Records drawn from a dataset
┄┄┄┄┄┄
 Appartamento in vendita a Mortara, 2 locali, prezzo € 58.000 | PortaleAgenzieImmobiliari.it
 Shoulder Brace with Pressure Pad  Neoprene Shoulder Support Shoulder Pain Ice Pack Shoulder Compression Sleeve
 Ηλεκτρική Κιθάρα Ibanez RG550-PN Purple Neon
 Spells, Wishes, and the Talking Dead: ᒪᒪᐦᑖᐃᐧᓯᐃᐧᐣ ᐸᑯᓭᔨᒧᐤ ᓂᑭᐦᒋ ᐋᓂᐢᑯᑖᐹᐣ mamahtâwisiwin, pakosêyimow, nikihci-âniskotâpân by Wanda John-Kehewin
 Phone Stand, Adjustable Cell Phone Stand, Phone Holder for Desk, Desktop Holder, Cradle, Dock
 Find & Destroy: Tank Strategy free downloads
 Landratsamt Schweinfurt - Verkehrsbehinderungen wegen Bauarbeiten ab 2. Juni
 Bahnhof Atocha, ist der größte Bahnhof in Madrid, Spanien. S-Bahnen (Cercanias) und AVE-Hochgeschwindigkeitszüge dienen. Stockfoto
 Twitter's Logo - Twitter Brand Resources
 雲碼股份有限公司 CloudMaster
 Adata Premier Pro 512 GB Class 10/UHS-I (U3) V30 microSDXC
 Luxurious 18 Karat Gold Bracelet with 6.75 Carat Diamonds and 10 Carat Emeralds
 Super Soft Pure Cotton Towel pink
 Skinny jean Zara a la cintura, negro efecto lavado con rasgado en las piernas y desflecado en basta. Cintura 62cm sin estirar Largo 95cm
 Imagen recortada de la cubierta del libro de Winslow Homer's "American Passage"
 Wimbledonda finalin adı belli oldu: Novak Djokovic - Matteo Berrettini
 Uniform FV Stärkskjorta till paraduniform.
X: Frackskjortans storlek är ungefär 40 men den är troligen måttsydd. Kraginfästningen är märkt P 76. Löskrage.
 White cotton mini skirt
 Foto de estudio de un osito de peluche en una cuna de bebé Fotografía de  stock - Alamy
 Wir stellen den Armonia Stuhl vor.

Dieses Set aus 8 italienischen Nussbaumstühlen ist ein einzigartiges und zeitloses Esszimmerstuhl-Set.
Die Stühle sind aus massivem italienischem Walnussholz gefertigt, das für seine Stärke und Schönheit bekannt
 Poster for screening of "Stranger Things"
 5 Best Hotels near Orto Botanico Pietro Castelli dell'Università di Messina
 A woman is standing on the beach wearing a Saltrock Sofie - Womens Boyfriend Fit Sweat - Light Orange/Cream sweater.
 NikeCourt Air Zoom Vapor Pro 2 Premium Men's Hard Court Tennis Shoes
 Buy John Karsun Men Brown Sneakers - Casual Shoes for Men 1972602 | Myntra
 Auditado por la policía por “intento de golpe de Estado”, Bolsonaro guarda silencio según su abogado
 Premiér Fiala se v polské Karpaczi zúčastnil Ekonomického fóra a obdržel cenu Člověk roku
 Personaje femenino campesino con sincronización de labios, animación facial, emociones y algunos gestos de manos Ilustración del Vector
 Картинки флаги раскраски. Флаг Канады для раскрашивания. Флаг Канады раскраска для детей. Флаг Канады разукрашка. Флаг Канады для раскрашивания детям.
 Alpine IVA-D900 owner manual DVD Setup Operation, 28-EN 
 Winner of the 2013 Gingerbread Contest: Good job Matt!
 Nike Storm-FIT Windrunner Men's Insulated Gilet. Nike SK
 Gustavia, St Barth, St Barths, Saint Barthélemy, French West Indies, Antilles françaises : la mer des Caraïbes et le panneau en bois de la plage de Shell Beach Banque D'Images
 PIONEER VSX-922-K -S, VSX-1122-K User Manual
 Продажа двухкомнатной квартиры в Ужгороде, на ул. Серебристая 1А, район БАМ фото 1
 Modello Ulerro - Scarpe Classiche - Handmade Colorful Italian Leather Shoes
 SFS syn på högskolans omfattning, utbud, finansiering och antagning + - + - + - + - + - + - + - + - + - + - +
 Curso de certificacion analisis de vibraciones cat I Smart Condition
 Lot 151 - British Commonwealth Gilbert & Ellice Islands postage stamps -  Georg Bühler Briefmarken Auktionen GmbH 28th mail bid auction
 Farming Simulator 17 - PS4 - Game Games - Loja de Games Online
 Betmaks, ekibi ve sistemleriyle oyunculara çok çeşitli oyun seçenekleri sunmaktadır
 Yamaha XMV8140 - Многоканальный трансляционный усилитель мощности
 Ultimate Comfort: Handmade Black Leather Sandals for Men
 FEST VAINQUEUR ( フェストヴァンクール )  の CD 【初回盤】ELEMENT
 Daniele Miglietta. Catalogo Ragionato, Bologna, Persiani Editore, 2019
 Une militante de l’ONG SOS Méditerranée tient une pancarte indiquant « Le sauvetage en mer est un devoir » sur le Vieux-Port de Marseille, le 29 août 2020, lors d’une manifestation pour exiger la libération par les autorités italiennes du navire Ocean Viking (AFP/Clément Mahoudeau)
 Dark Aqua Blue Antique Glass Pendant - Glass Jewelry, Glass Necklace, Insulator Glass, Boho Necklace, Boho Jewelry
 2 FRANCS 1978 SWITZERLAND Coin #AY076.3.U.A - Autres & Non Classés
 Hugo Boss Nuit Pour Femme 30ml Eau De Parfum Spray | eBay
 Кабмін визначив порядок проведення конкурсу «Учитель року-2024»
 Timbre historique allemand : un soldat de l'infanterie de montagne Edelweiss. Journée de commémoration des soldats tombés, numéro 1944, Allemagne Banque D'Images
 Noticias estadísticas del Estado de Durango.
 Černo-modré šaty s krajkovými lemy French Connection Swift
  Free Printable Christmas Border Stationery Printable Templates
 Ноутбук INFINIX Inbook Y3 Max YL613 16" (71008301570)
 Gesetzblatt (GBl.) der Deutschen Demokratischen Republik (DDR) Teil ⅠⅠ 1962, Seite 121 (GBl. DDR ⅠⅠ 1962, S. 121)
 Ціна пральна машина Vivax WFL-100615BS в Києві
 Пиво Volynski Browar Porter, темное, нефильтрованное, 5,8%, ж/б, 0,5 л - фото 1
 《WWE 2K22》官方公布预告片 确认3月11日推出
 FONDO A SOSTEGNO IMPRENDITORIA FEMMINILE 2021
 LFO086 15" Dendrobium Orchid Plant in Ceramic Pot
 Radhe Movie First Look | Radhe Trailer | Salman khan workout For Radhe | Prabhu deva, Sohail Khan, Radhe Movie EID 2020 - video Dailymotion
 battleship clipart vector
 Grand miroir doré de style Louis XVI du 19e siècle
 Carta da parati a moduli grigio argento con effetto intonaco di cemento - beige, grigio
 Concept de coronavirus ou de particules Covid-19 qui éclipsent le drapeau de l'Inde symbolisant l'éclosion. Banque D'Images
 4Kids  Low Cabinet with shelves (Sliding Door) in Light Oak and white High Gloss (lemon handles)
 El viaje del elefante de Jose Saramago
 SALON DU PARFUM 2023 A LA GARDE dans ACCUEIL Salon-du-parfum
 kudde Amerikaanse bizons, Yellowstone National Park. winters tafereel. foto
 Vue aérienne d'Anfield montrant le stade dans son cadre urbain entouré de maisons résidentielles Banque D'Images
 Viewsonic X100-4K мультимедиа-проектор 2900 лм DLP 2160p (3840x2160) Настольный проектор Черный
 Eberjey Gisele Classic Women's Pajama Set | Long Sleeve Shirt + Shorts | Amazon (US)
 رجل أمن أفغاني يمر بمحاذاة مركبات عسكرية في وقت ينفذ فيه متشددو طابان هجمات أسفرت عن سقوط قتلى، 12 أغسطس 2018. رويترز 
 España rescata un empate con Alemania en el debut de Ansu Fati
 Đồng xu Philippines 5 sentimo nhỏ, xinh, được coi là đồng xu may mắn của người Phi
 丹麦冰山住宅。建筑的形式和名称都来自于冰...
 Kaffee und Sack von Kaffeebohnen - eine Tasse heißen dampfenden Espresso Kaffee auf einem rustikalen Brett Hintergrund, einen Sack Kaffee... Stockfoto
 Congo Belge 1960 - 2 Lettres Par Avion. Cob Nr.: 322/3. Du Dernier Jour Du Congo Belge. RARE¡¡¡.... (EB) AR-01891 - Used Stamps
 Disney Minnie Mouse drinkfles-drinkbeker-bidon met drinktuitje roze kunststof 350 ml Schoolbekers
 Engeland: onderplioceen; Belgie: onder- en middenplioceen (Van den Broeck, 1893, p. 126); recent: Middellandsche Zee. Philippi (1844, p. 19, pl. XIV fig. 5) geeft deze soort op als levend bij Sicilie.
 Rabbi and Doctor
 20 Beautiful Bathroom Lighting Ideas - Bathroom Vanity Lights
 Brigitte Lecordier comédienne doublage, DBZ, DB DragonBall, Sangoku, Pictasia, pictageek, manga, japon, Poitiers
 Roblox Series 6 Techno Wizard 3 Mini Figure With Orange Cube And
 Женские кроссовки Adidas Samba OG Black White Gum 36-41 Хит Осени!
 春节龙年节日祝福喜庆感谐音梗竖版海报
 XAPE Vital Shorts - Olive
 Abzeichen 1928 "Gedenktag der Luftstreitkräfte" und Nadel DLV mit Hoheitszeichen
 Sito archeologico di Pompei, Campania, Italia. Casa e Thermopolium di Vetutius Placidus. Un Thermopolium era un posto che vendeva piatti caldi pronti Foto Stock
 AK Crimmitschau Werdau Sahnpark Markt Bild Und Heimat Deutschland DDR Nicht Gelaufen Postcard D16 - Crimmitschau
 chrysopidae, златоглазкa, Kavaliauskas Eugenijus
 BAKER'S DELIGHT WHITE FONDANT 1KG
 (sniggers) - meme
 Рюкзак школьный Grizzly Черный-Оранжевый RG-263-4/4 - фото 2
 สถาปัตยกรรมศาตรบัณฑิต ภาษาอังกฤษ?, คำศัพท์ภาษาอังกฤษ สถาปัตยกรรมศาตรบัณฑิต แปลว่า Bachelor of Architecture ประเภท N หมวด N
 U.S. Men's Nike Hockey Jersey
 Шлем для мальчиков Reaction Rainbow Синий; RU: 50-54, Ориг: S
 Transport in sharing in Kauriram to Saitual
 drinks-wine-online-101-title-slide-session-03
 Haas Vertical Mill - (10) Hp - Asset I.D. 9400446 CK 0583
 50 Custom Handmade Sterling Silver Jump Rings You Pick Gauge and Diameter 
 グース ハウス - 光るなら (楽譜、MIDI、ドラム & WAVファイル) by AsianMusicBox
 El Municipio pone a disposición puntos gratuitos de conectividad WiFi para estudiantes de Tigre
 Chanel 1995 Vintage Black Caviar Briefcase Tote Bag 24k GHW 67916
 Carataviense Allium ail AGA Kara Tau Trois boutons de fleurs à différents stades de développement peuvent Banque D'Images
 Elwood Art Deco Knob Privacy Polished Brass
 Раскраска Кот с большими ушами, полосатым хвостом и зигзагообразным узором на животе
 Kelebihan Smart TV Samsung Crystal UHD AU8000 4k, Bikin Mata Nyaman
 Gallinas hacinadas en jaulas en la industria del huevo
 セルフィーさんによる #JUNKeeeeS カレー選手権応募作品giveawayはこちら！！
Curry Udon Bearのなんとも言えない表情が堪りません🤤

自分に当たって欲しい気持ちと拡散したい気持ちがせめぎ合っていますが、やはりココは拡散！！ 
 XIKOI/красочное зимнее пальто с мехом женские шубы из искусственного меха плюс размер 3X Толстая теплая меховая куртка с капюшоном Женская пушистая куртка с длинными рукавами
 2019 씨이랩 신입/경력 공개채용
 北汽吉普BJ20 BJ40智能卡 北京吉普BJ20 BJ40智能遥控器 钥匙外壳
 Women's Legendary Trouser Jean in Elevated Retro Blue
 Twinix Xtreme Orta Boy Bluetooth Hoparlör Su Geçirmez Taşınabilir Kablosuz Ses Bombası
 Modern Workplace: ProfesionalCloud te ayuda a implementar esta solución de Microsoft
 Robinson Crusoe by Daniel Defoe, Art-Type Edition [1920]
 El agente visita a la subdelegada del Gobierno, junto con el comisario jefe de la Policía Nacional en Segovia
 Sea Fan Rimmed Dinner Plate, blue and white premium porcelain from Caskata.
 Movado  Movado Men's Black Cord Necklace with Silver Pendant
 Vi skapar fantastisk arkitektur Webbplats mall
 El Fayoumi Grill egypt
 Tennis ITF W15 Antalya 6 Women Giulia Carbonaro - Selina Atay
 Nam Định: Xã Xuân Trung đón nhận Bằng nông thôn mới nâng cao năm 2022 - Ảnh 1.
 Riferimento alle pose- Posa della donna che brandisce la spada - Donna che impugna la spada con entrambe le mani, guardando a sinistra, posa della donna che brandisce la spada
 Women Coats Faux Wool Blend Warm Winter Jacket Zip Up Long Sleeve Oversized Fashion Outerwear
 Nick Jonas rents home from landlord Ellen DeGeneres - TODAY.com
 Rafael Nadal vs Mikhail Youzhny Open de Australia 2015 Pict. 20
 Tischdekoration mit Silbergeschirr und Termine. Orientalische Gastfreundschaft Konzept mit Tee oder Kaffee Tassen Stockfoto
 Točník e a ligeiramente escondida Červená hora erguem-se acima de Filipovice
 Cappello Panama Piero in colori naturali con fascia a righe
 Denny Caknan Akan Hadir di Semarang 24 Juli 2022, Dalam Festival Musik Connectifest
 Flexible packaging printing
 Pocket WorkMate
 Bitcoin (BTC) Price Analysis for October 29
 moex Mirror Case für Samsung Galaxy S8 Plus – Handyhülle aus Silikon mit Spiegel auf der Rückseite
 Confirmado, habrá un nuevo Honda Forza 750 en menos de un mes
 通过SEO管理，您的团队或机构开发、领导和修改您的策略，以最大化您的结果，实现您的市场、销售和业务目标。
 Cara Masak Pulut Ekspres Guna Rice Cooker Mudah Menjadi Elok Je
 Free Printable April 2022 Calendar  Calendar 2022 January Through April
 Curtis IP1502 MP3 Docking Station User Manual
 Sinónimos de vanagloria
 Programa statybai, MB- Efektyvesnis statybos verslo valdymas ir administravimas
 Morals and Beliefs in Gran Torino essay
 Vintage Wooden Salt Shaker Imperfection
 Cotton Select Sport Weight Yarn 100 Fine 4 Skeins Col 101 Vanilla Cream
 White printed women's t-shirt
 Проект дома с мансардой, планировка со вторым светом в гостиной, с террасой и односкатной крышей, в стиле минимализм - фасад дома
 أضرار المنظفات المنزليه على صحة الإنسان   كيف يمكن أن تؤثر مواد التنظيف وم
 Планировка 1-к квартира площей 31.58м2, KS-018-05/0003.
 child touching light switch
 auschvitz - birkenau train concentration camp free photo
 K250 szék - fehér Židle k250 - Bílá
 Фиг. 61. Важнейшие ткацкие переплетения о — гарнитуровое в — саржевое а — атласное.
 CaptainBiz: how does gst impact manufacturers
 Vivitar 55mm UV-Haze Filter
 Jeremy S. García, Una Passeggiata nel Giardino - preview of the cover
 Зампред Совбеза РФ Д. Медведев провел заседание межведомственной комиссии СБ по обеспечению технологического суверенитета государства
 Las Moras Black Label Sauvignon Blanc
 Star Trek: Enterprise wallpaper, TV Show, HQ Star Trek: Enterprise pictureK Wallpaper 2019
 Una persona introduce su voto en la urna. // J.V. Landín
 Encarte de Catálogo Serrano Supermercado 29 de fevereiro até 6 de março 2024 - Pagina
┄┄┄┄┄┄
Would you print, exactly as written, every line above from the one holding "Daniele Miglietta. Catalogo" through the one holding "Hugo Boss Nuit", with both included and no other lines?

_Answer box_
 Daniele Miglietta. Catalogo Ragionato, Bologna, Persiani Editore, 2019
 Une militante de l’ONG SOS Méditerranée tient une pancarte indiquant « Le sauvetage en mer est un devoir » sur le Vieux-Port de Marseille, le 29 août 2020, lors d’une manifestation pour exiger la libération par les autorités italiennes du navire Ocean Viking (AFP/Clément Mahoudeau)
 Dark Aqua Blue Antique Glass Pendant - Glass Jewelry, Glass Necklace, Insulator Glass, Boho Necklace, Boho Jewelry
 2 FRANCS 1978 SWITZERLAND Coin #AY076.3.U.A - Autres & Non Classés
 Hugo Boss Nuit Pour Femme 30ml Eau De Parfum Spray | eBay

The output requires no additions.